A couple of weeks ago I tried to remember the last time I laughed so hard I cried.
I came up with nothing. There were no instances that came to mind at all.
I’m sure there have been plenty, but the fact I couldn’t specifically remember freaked me out.
All I distinctly came up with was a time was when I was very young (My Cousin and I had “waxed” our aunts’ kitchen floor by sticking wax paper on our feet and sliding around – still the best idea ever!).
“Fuck this!” I thought, “I want to have more of those moments.”
You need to spend quality time with people who make you feel good- my soul said. Damn you, soul, for always being right!
I racked my brain.
Who should I reach out to? Although I have a lot of really great friends in New York City, there are very few that really know me.

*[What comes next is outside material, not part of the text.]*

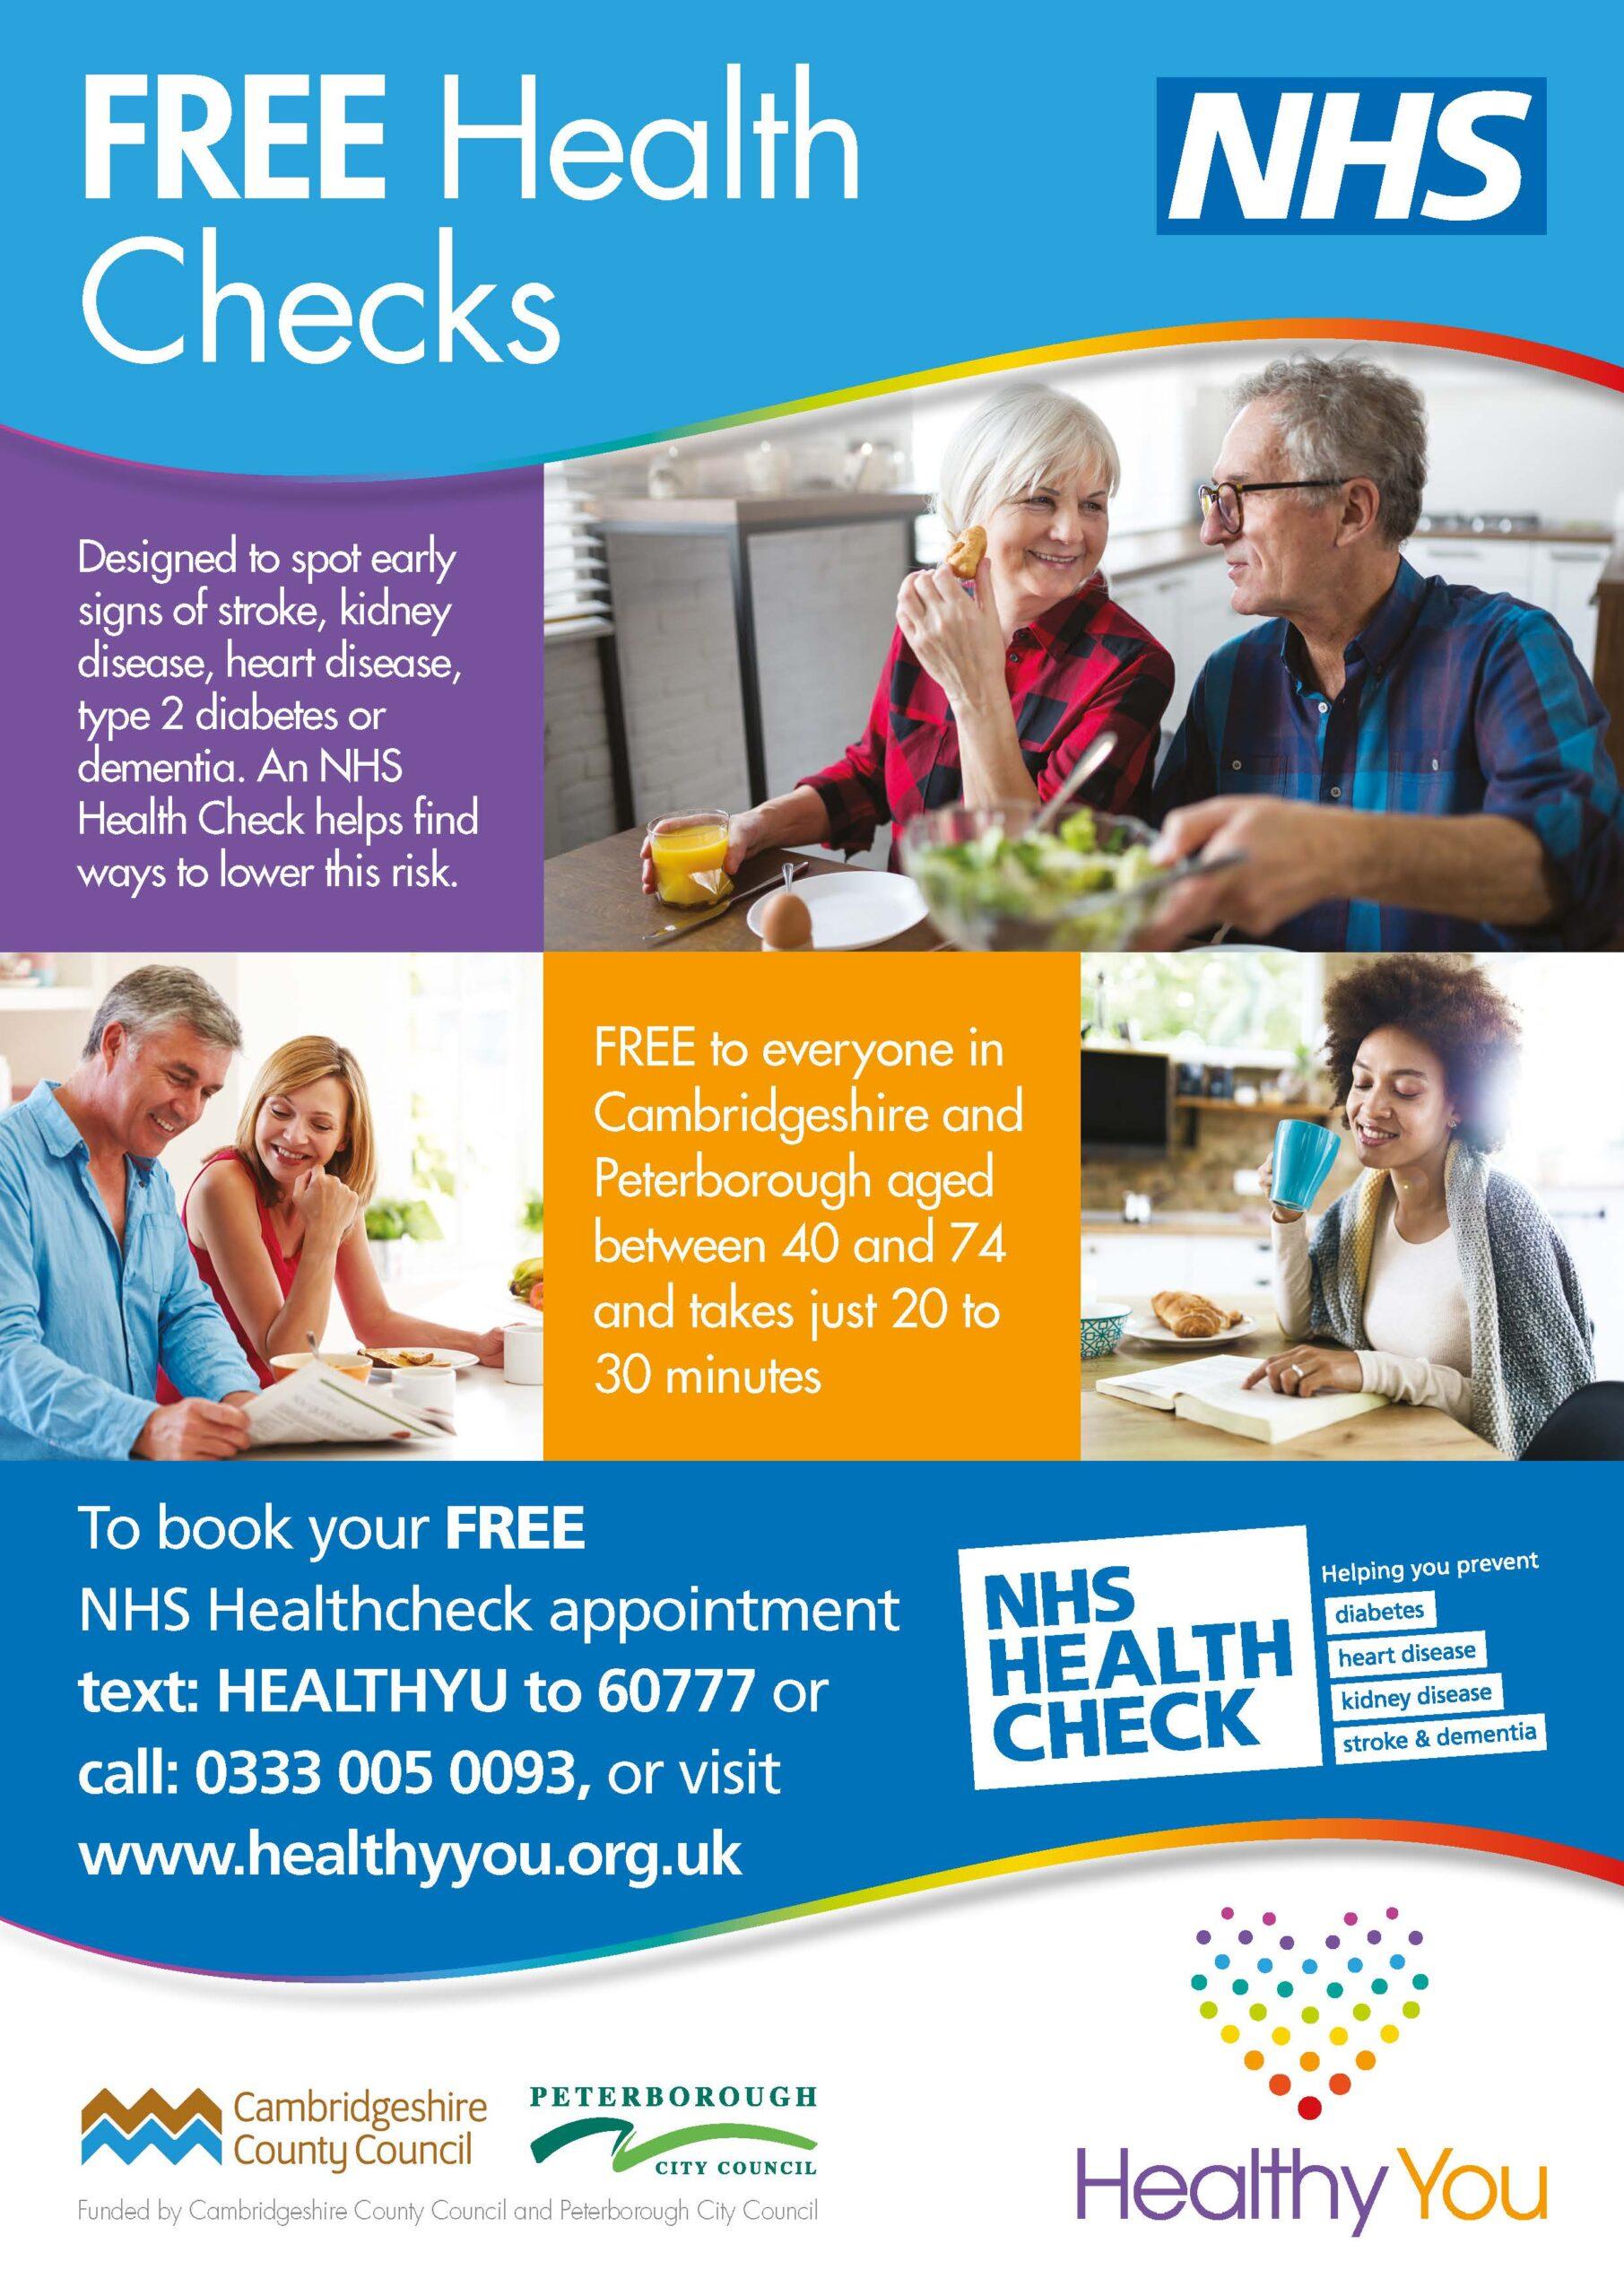 Free health checks

That would get my sarcasm or jokes or references back to “that one time”, or be able to share in my interest of contemplating life. But, to stop listing all my setbacks, I realized I would have to forge some new relationships or work on current ones by being completely vulnerable – which scared the shit out of me (and which truthfully, still does).
I’ve spent the last month or so around people at work and with “friends of friends” being very quiet and probably appearing miserable, uninterested, or just like a bitch.
Truth is, I’ve been scared that I won’t fit in and also frustrated that all people seemed to talk about was work and partying or how someone looked.
Forgetting that you get what you put in, I have stayed quiet instead of trying to start a meaningful conversation. Offering no vulnerability was giving me none in return, and my interactions with people have been mostly average at best.
In the last week or so, I’ve been making an active effort to spend more time with friends and allow myself to open back up again.
It’s happening slowly, but I’m already starting to feel better.
All along, it’s been those kinds of connections I was missing. If I want to realize my dream of writing and traveling and sharing my experiences, it will require a willingness to feel totally out of place, and still be authentic and make true connections. I have to start somewhere, so I’m starting at home.
Have you moved somewhere and found it hard to open up to new people?
Or do you feel like you’re not being yourself around people to fit in? What do you do to make it easier or to make memorable connections? I’d love to hear!